### Action item
Reproduce word for word, from the entries below, the line with "Chrysler Aspen Transfer", the line with "Free 3D Retro Sunglasses .blend file", and every line between them, and nothing more.

### Excerpted data
:::

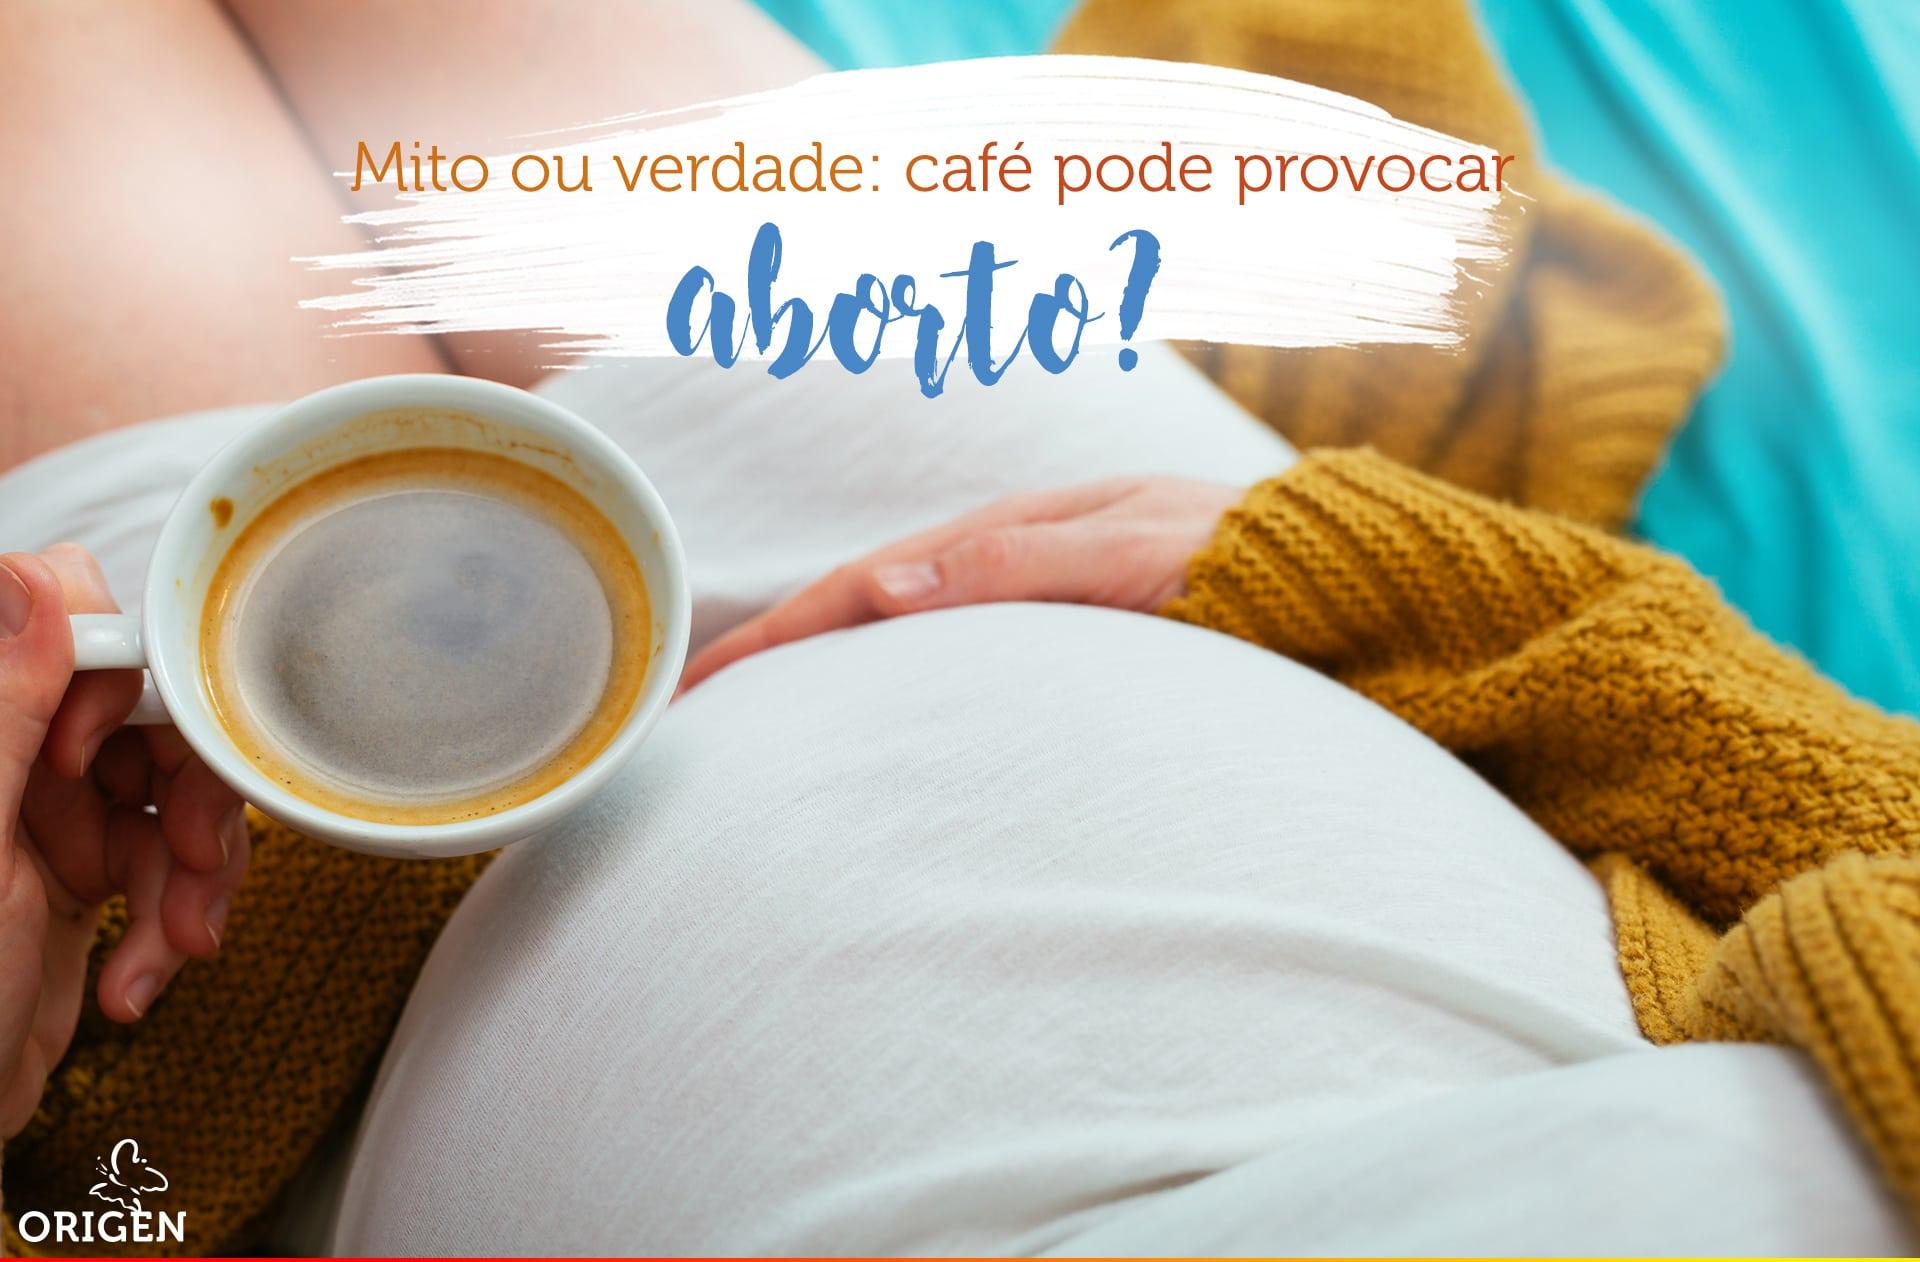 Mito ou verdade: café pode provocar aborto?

:::

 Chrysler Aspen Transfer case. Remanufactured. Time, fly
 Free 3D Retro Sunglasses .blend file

:::

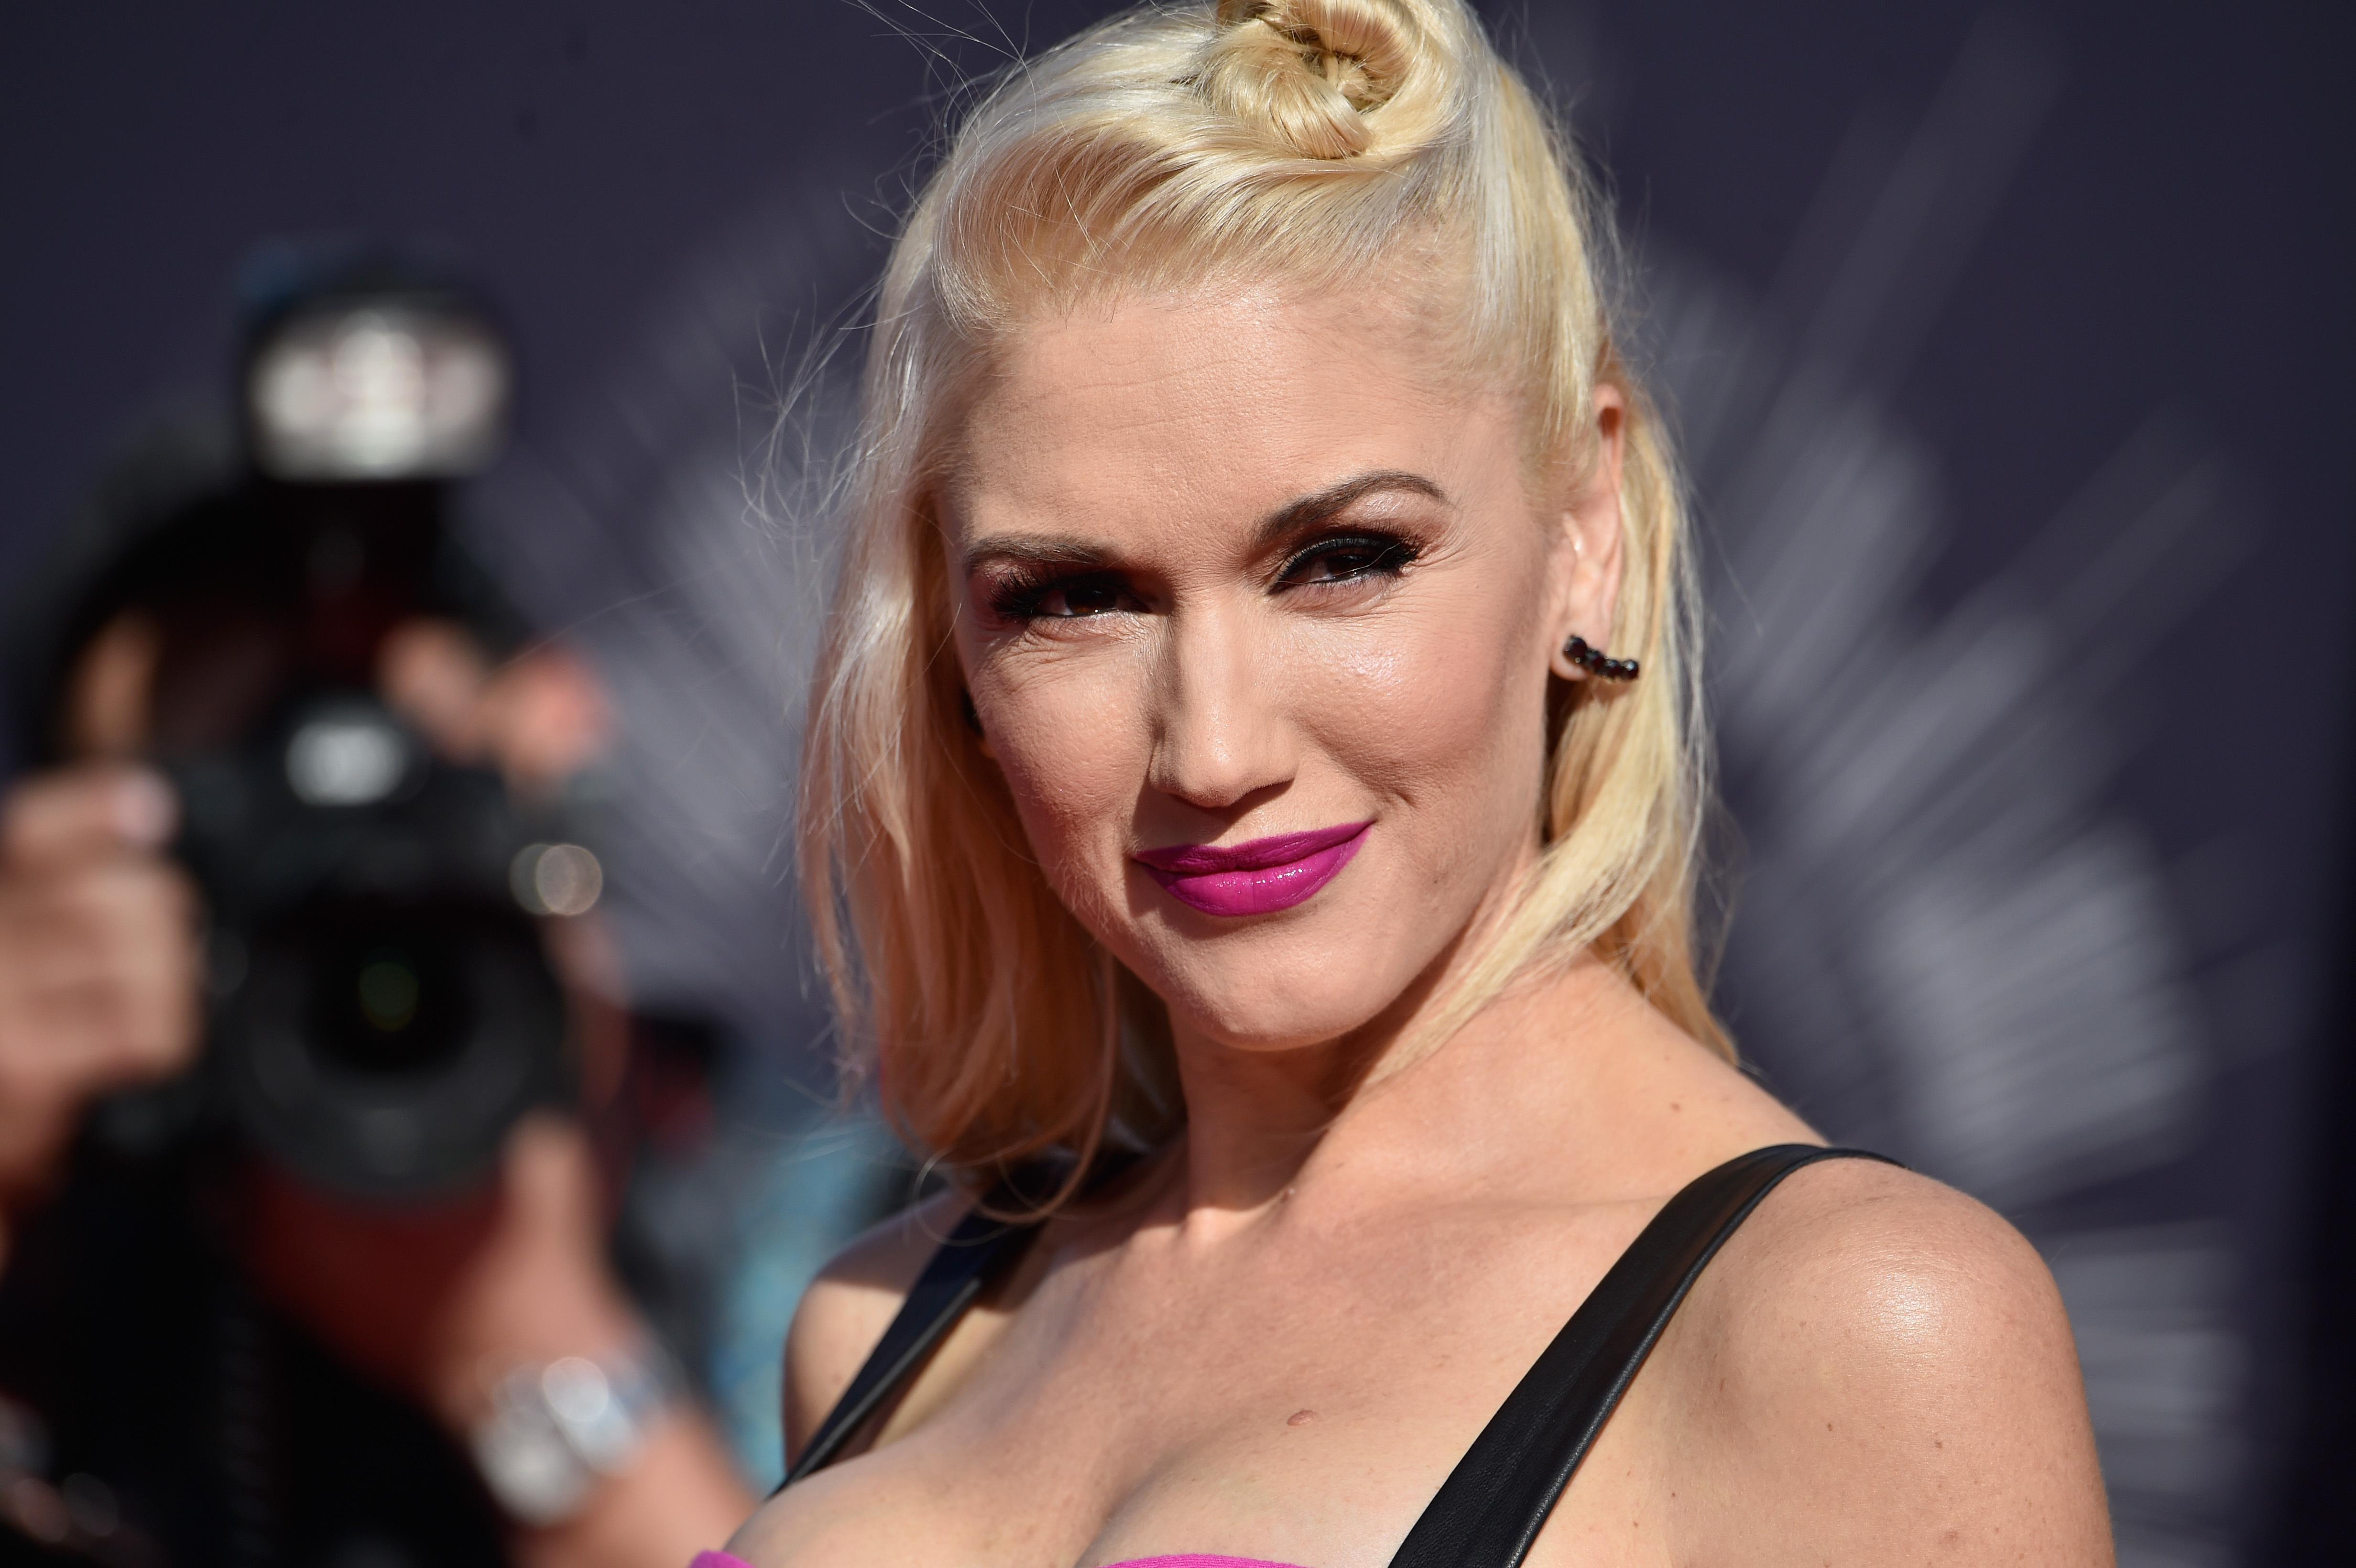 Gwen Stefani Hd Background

:::

### Task answer
 Chrysler Aspen Transfer case. Remanufactured. Time, fly
 Free 3D Retro Sunglasses .blend file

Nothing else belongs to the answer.